La seconda Open Call di Balloon project è dedicata alla fotografia. Nella fattispecie l’interesse è orientato alla fotografia come mezzo privilegiato nella documentazione e divulgazione dell’operato artistico, analizzando le relazioni e i confini tra mera rappresentazione e divulgazione intrinseca ed estrinseca all’opera. La fotografia come occhio sull’arte e la fotografia come arte che però comunica la stessa.
I quattro interventi selezionati, molto diversi tra loro, analizzano i molteplici aspetti del fotografare nell’epoca del digitale e della condivisione di massa in tempo reale mettendo in luce aspetti sociali, relazionali e storico-artistici.

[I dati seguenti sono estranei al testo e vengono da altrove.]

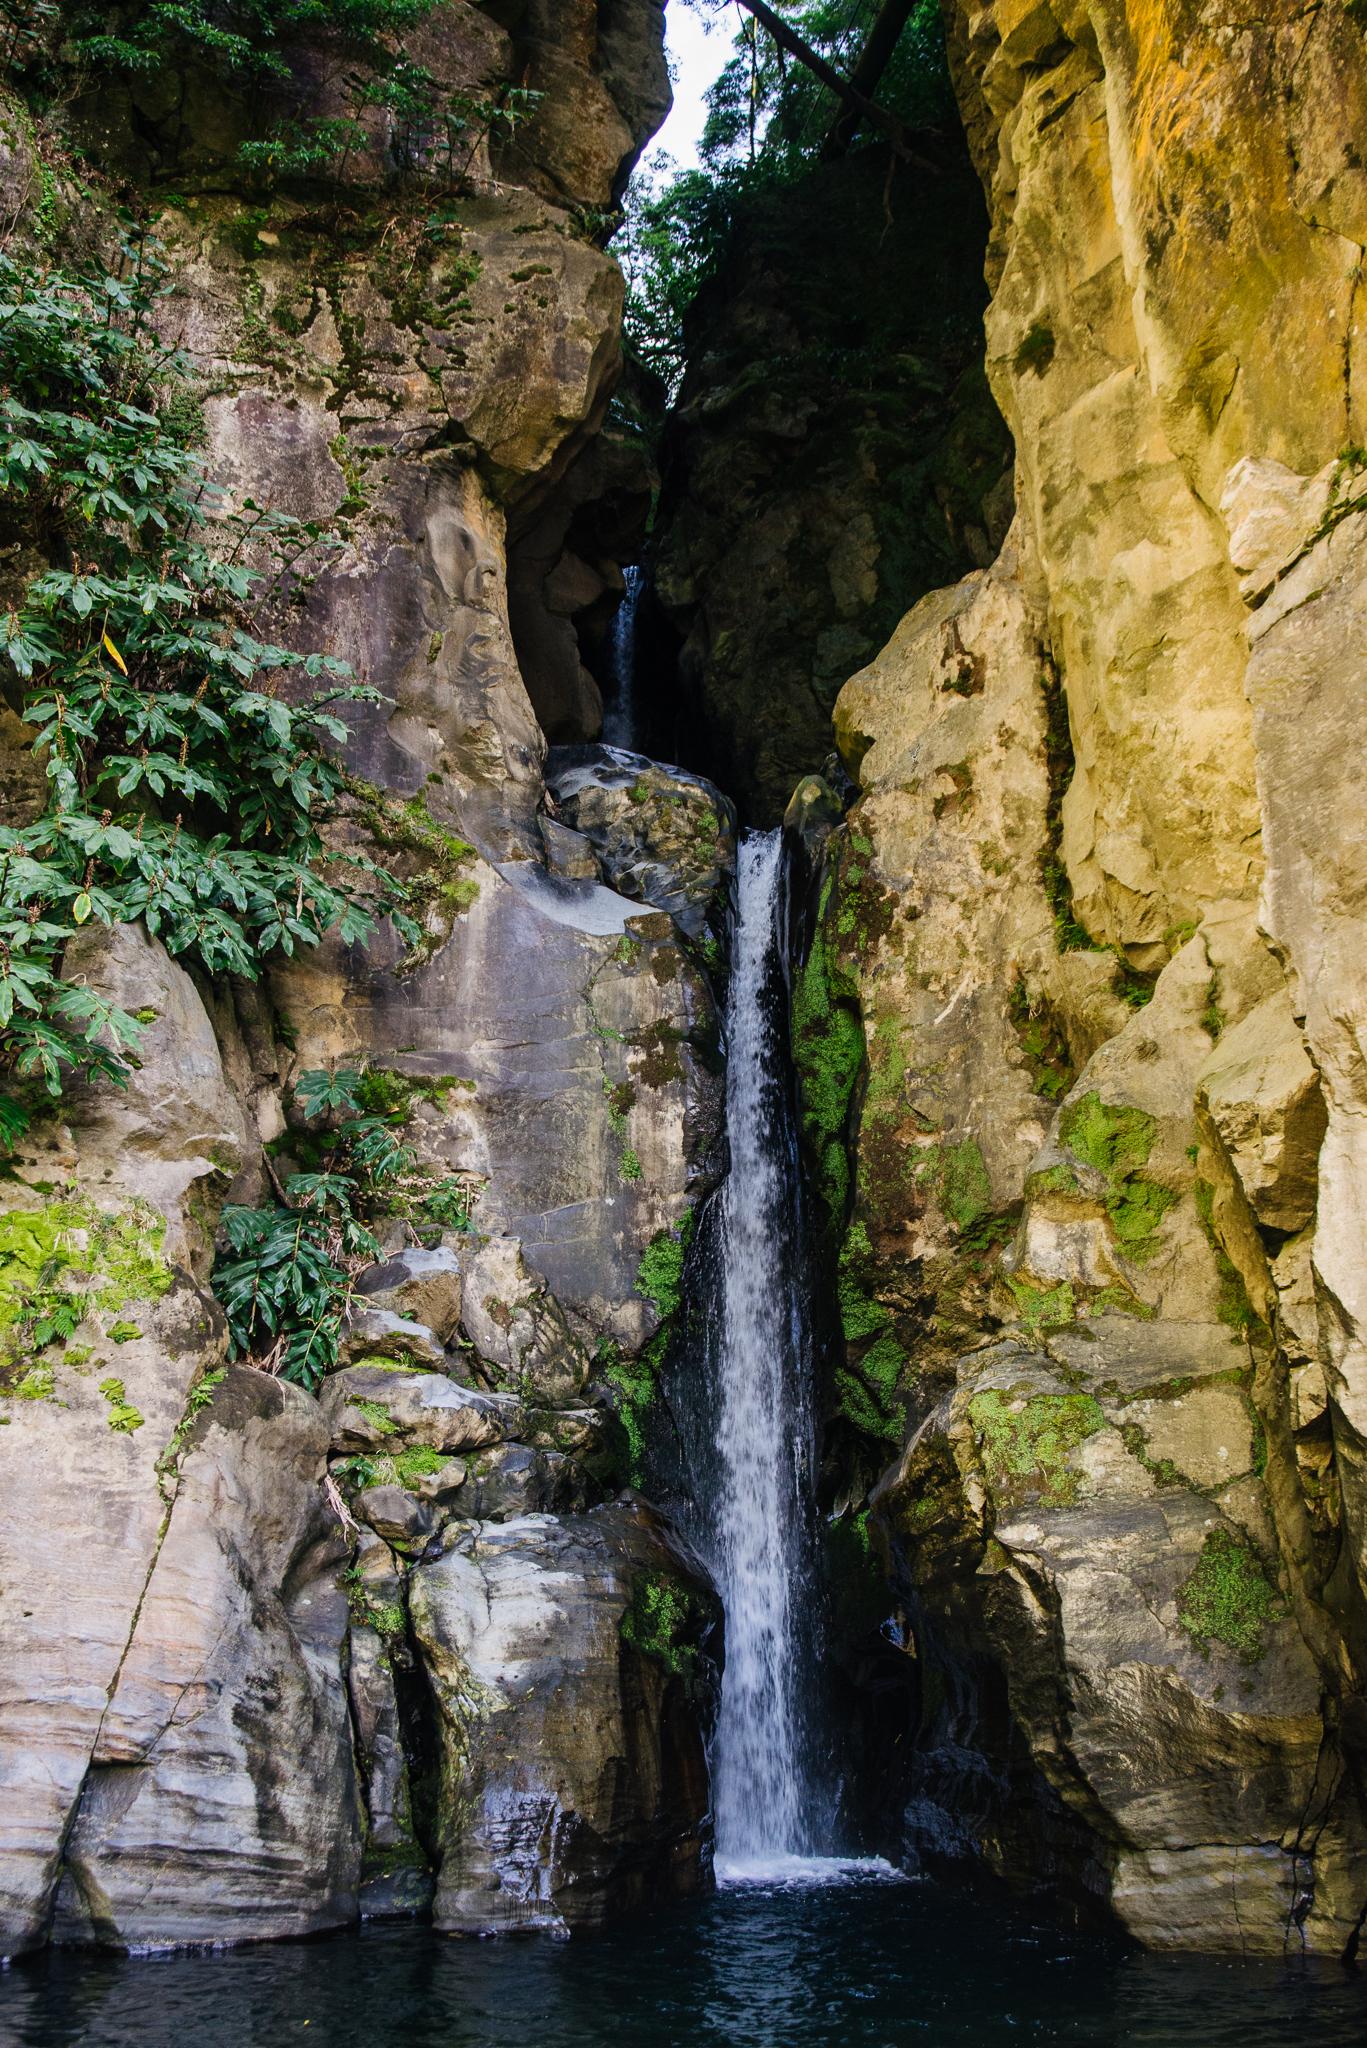 Salto do Cabrito waterfall
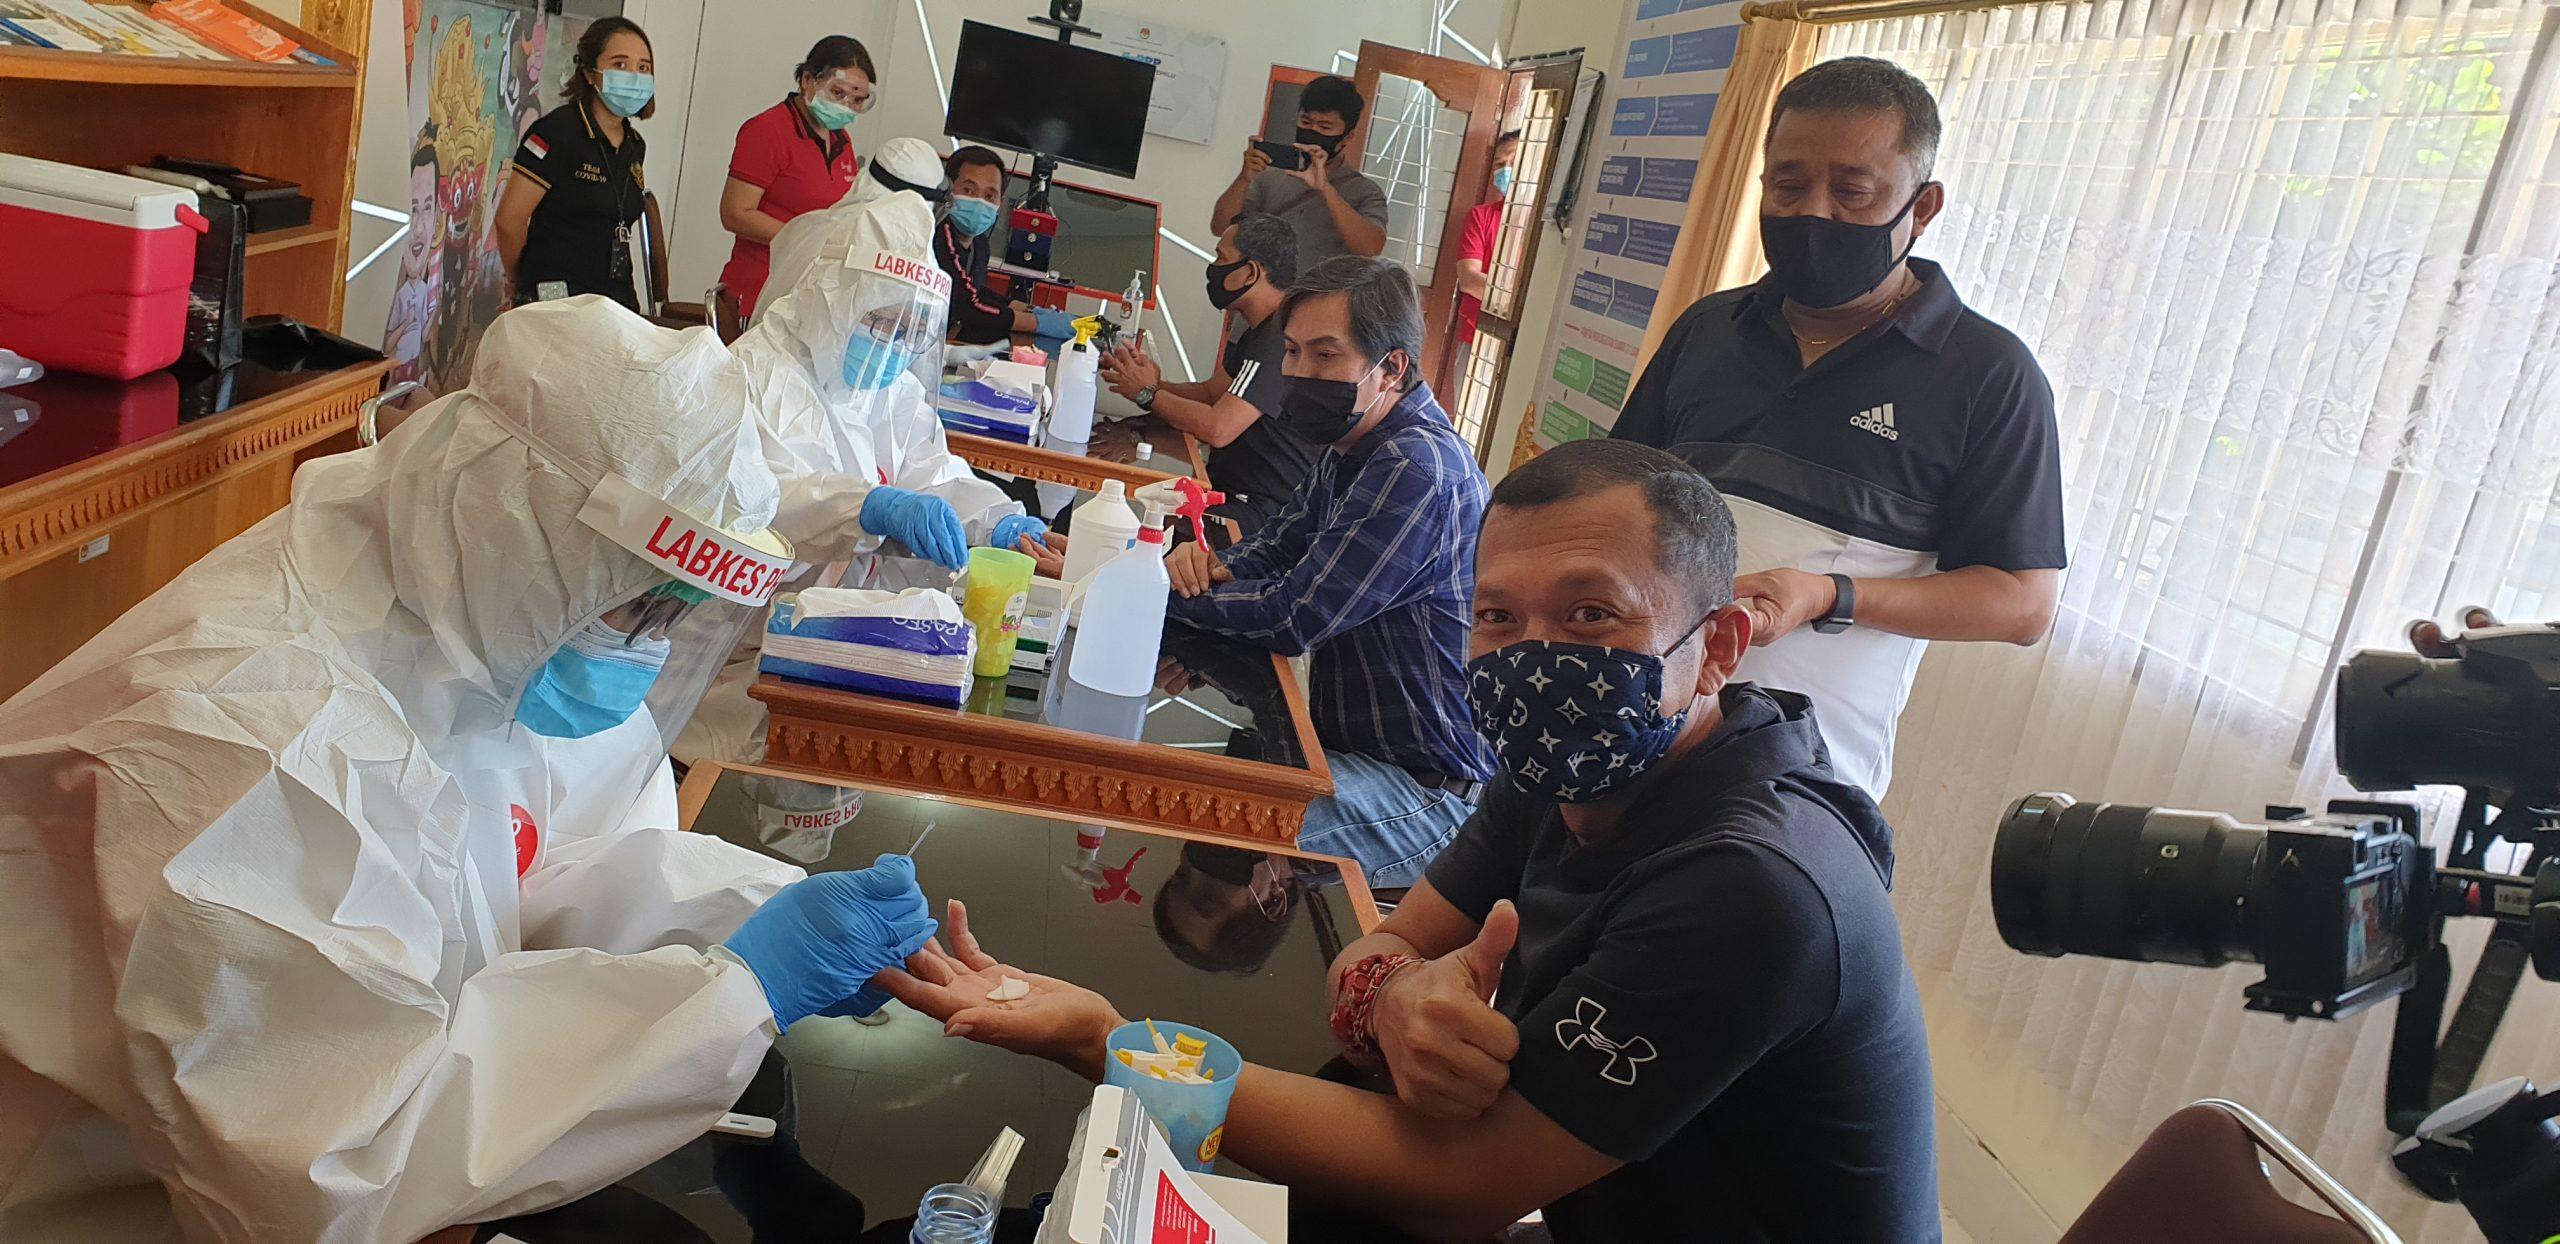 ANGGOTA KPU Bali, I Gede John Darmawan, saat diambil sampel darah untuk tes cepat sebagai skrining awal virus Corona, Jumat (12/6/2020). Tes cepat dilakukan serentak di juga di enam KPU kabupaten/kota yang akan melaksanakan Pilkada 2020, dan semua komisioner dinyatakan nonreaktif. Foto: gus hendra

Valentina Lucia Barbagallo e Giuseppe Mendolia Calella
MOUSSAKÀ
di Roberta Guarnera*
«Annunciamo un’importante scoperta del nostro famoso pittore del Diorama, Louis- Jacques Mandè Daguerre. La scoperta ha del prestigioso. Sconvolge tutte le teorie scientifiche della luce e dell’ottica, e rivoluzionerà l’arte del disegno. Monsieur Daguerre ha trovato il modo di fissare le immagini che si dipingono da sole entro una camera oscura, sicché esse non sono l’impronta fissa e durevole che, come un dipinto o un’incisione , non ha più bisogno della presenza dell’oggetto»[1]… Queste sono le parole riportate sulla “Gazette de France” il 6 gennaio 1839; da allora la fotografia, un’ arte ancora giovane, ha subìto un’evoluzione sia del medium che del suo spazio; ma bisognerebbe andare più a ritroso ossia all’anno 1826/27, quando per la primissima volta venne realizzata la fotografia di Nièpce “Vista dalla finestra a le Gras”. Ebbene questa foto non segnerà solo dal punto di vista scientifico di “cattura della realtà circostante”, ma anche dal punto di vista concettuale della visione del mondo.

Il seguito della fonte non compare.